Given this method and results, design ablations that:
1. Isolate the contribution of each novel component
2. Answer questions reviewers will definitely ask
3. Test sensitivity to key hyperparameters
4. Compare against natural alternative design choices
Method: [description from project files]
Components: [list of removable/replaceable components]
Current results: [key metrics from experiments]
Claims: [what we claim and current evidence]
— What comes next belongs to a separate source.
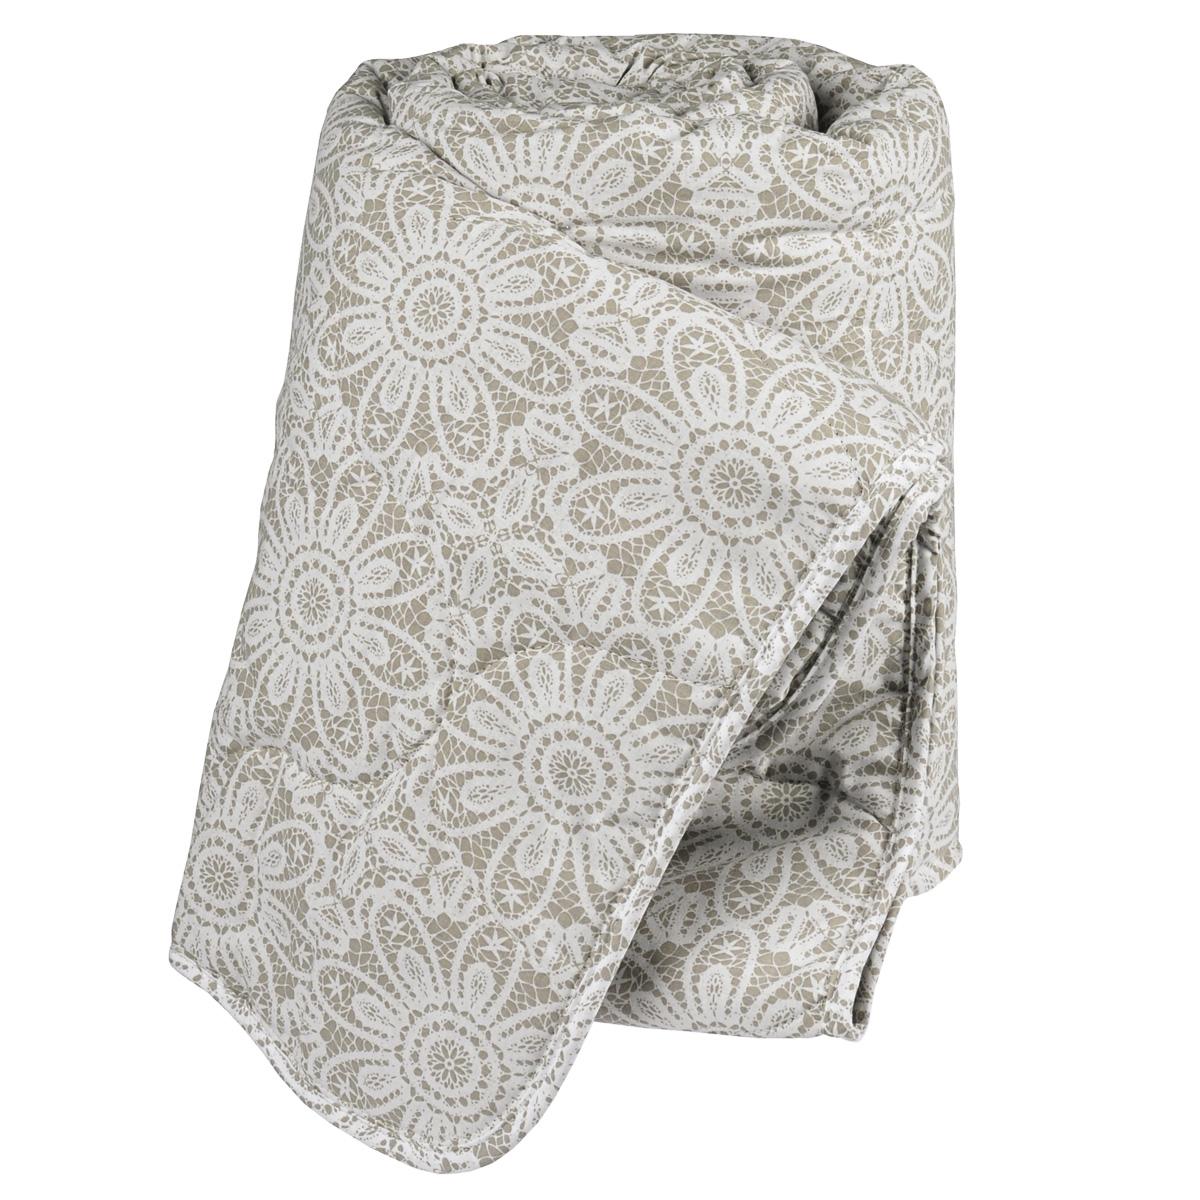 Одеяло Green Line Лен, наполнитель: льняное волокно, 140 см х 205 смS03301004Мягкое и комфортное одеяло Green Line Лен подарит вам незабываемое чувство уюта и умиротворения. Чехол выполнен из чистого хлопка. Одеяло поможет создать максимально удобные и благоприятные условия для сладкого сна.Преимущества льняного наполнителя: - имеет эффект активного дыхания, - природный антисептик, - холодит в жару и согревает в холод. Лен полезен для здоровья, обладает положительной энергетикой.Не стирать, не гладить. Материал верха: 100% хлопок. Наполнитель: 90% льняное волокно, 10% полиэстер.Масса наполнителя: 300 г/м2.
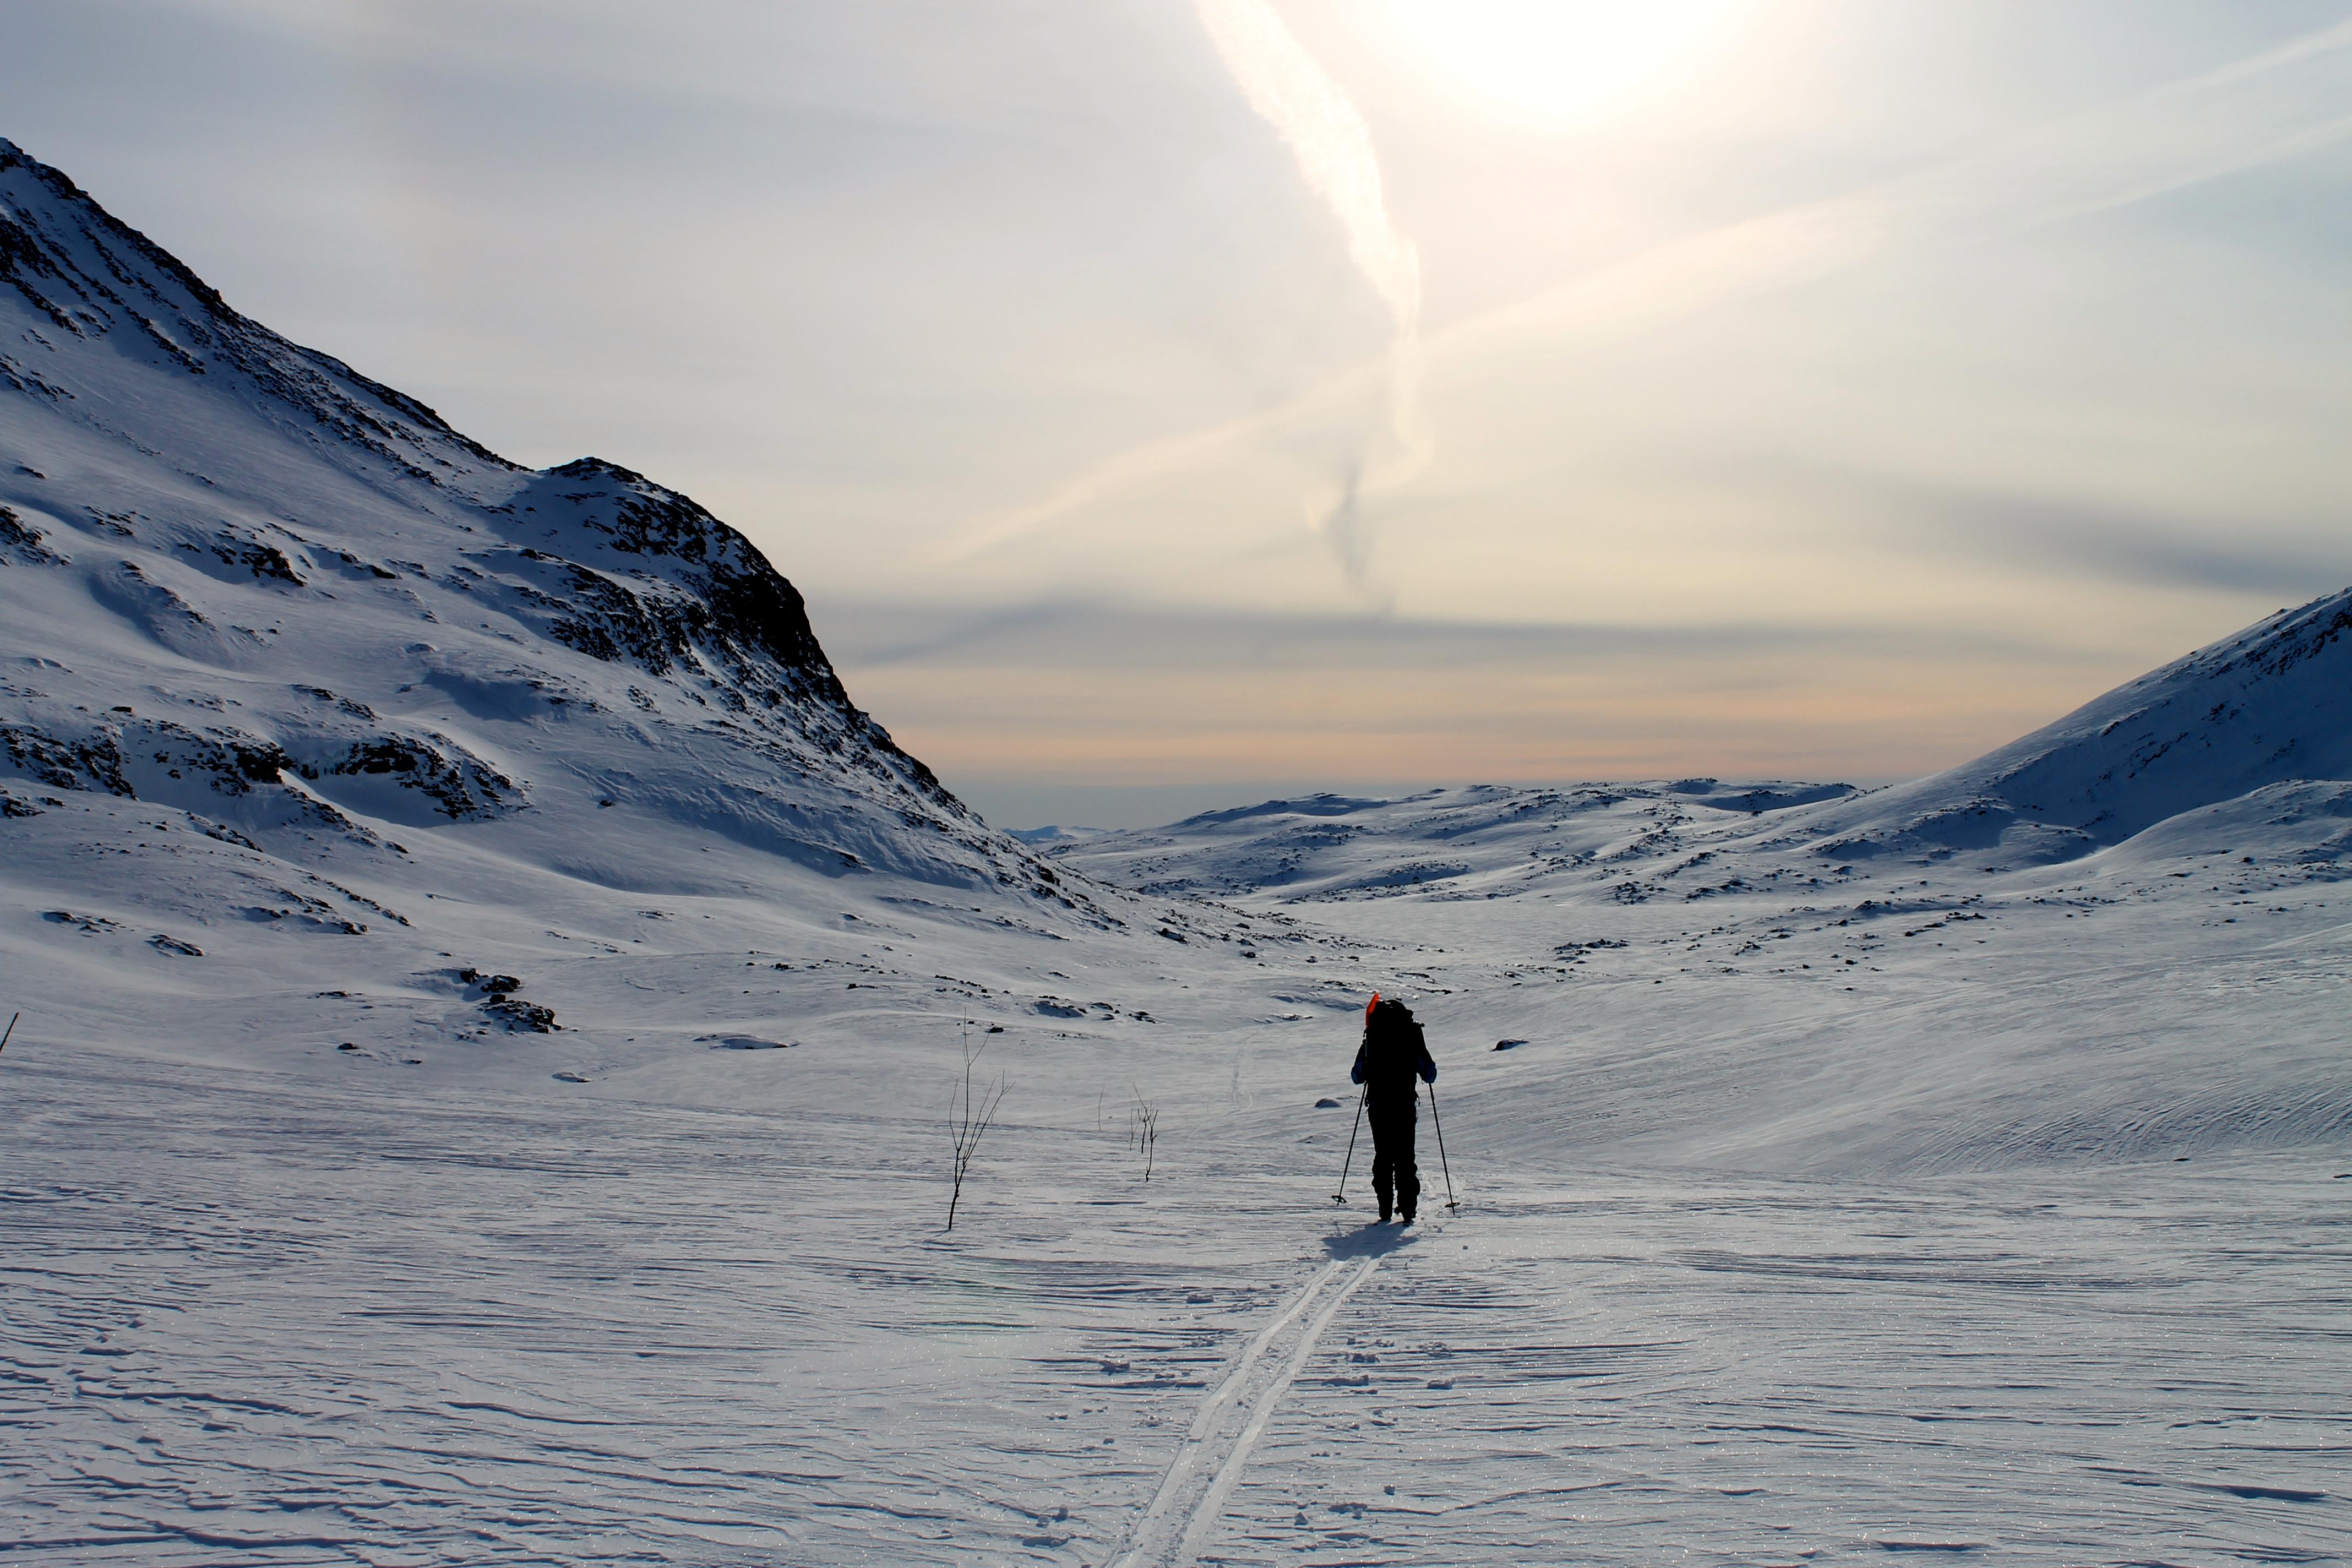 Turen mellom Eidsbugarden og Olavsbu er en fin skitur.

For each ablation, specify:
- name: what to change
- what_it_tests: the specific question this answers
- expected_if_component_matters: what we predict if the component is important
- priority: 1 (must-run) to 5 (nice-to-have)
Also provide:
- coverage_assessment
- unnecessary_ablations
- suggested_order
- estimated_compute
Do not pad the plan with ornamental sweeps. Favor reviewer-facing ablations that
clearly sharpen the paper's claim boundaries.
Step 3: Parse Ablation Plan
Normalize the response into:
## Ablation Plan
### Component Ablations
| # | Name | What It Tests | Expected If Matters | Priority |
|---|------|---------------|---------------------|----------|
### Hyperparameter Sensitivity
| # | Parameter | Values to Test | What It Tests | Priority |
|---|-----------|---------------|---------------|----------|
### Design Choice Comparisons
| # | Name | What It Tests | Priority |
|---|------|---------------|----------|
### Coverage Assessment
[what reviewer questions these ablations answer]
### Unnecessary Ablations
[what to skip]
### Run Order
[optimized order]
### Estimated Compute
[total GPU-hours]
Step 4: Review Feasibility
Before running anything, check:
- Compute budget
- Which ablations are config-only vs code-change
- Which ablations can run in parallel
- What should be cut first if budget is too tight
Step 5: Implement and Run
- Create configs/scripts for each ablation
- Smoke test each ablation before the full run
- Run in suggested order with descriptive names
- Track results in
EXPERIMENT_LOG.md
- After completion, update findings with the ablation insights
Rules
- The secondary reviewer leads the ablation design. Do not pre-filter the ablation list before the reviewer sees it.
- Every ablation must have a clear
what_it_tests and expected_if_component_matters.
- Config-only ablations take priority over ablations that require code changes.
- If total compute exceeds budget, propose cuts explicitly instead of silently dropping ablations.
- Component ablations take priority over broad hyperparameter sweeps.
- Record all ablation results, including negative ones.